Proving that $f(x)=\frac{1}{2\pi}\int_{-\infty}^{\infty}e^{ixy}\int_{-\infty}^{\infty}e^{-ixy}f(x)dxdy$.

Question

I need to show that if $f\in L^2(\mathbb{R})$ then $$\displaystyle f(x)=\frac{1}{2\pi}\int_{-\infty}^{\infty}e^{ixy}\left(\int_{-\infty}^{\infty}e^{-ixy}f(x)dx\right)dy$$

Answer 1

The standard proof uses the idea of gaussian regularization. First, write

$$ \mathcal{F}\{f\}(\xi) = \hat{f}(\xi) = \int_{-\infty}^{\infty} f(x)e^{-i\xi x} \, \mathrm{d}x. $$

Since $\mathcal{F}$ is a continuous linear operator on $L^2(\mathbb{R})$, it suffices to establish the Fourier inversion formula on a dense subset $\mathcal{D}$ of $L^{2}(\mathbb{R})$. For the purpose of our proof, we will choose $\mathcal{D}$ such that $f \in C_b(\mathbb{R}) \cap L^{1}(\mathbb{R})$ and $\hat{f} \in L^1(\mathbb{R})$ for each $f \in \mathcal{D}$. (Note that such $\mathcal{D}$ indeed exists. For instance, we may choose $\mathcal{D}$ as the Schwartz space.)

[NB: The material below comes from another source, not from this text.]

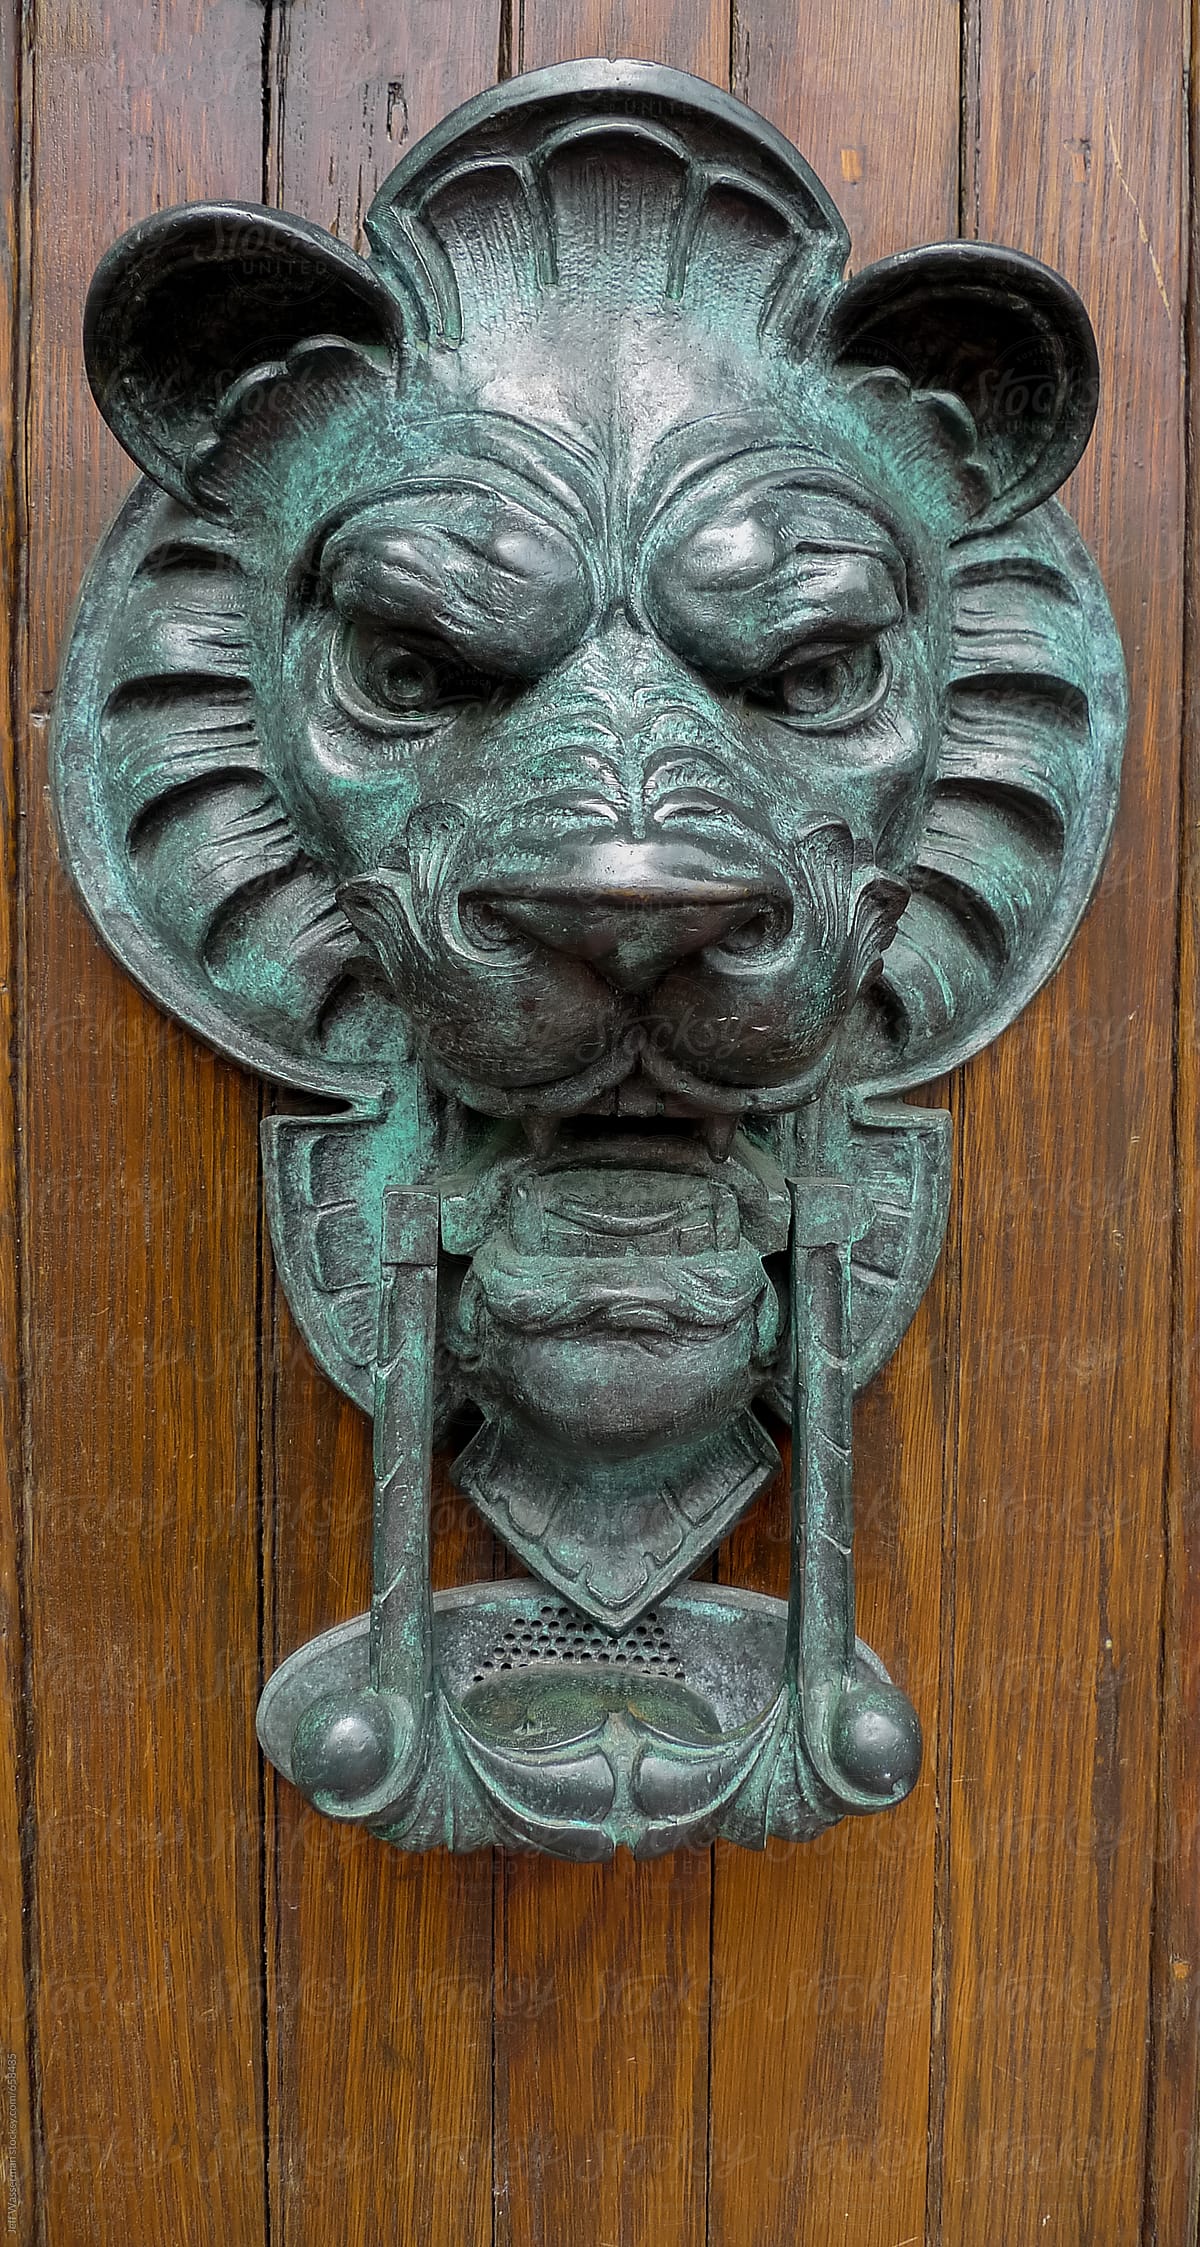 Antique Door Handle with Lion Face
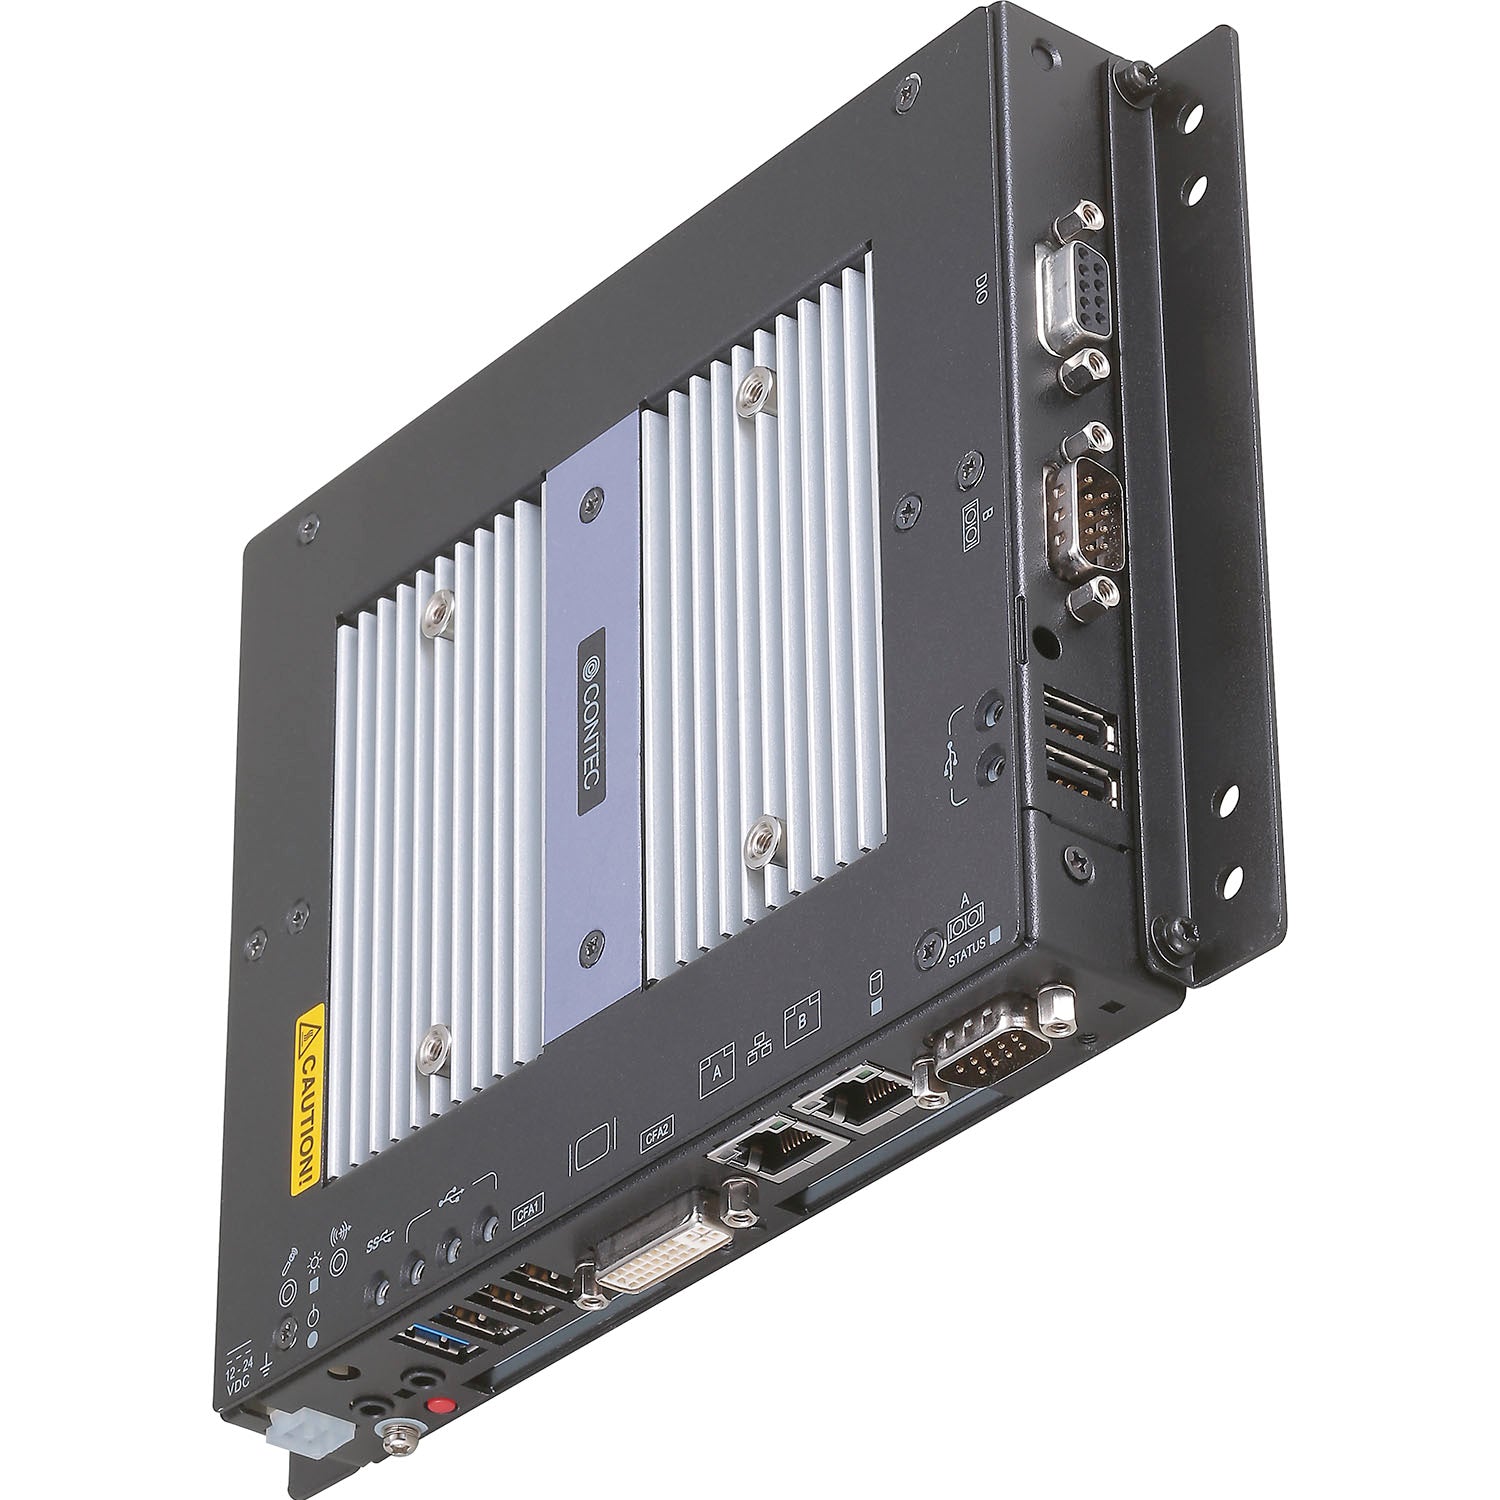 BX-956S - Fanless Embedded PC / Intel Atom E3845 (Bay Trail) / 12-24VDC Input / 0-60C Operation

Let $f \in \mathcal{D}$. Since $\hat{f} \in L^1(\mathbb{R})$, the dominated convergence theorem tells that

$$ \lim_{\epsilon \to 0^+} \int_{-\infty}^{\infty} e^{ix\xi} e^{-\epsilon \xi^2} \hat{f}(\xi) \, \mathrm{d}\xi = \int_{-\infty}^{\infty} e^{ix\xi} \hat{f}(\xi) \, \mathrm{d}\xi. $$

On the other hand, by the Fubini's Theorem and the gaussian integral,

\begin{align*} \frac{1}{2\pi} \int_{-\infty}^{\infty} e^{ix\xi} e^{-\epsilon \xi^2} \hat{f}(\xi) \, \mathrm{d}\xi &= \frac{1}{2\pi} \int_{-\infty}^{\infty} e^{ix\xi} e^{-\epsilon \xi^2} \left( \int_{-\infty}^{\infty} e^{-i\xi y}f(y) \, \mathrm{d}y \right) \, \mathrm{d}\xi \\ &= \frac{1}{2\pi} \int_{-\infty}^{\infty} \left( \int_{-\infty}^{\infty} e^{i(x-y)\xi} e^{-\epsilon \xi^2} \, \mathrm{d}\xi \right) f(y) \, \mathrm{d}y \\ &= \frac{1}{\sqrt{4\epsilon\pi}} \int_{-\infty}^{\infty} e^{-\frac{(y-x)^2}{4\epsilon}} f(y) \, \mathrm{d}y \end{align*}

Substituting $y=x+\sqrt{4 \epsilon \pi} \, t$, it follows that

\begin{align*} \frac{1}{2\pi} \int_{-\infty}^{\infty} e^{ix\xi} e^{-\epsilon \xi^2} \hat{f}(\xi) \, \mathrm{d}\xi &= \int_{-\infty}^{\infty} e^{-\pi t^2} f(x+\sqrt{4 \epsilon \pi} \, t) \, \mathrm{d}t \end{align*}

Since $f$ is bounded and continuous, this converges to

$$ \int_{-\infty}^{\infty} e^{-\pi t^2} f(x) \, \mathrm{d}t = f(x) $$

as $\epsilon \to 0^+$ by the dominated convergence theorem. This proves that

$$ \frac{1}{2\pi} \int_{-\infty}^{\infty} e^{ix\xi} \hat{f}(\xi) \, \mathrm{d}\xi = f(x) $$

for all $f \in \mathcal{D}$ and $x \in \mathbb{R}$, hence establishing the Fourier inversion formula over $\mathcal{D}$. Now as mentioned in the beginning, this extends to all of $L^2(\mathbb{R})$ via the continuity of $\mathcal{F}$.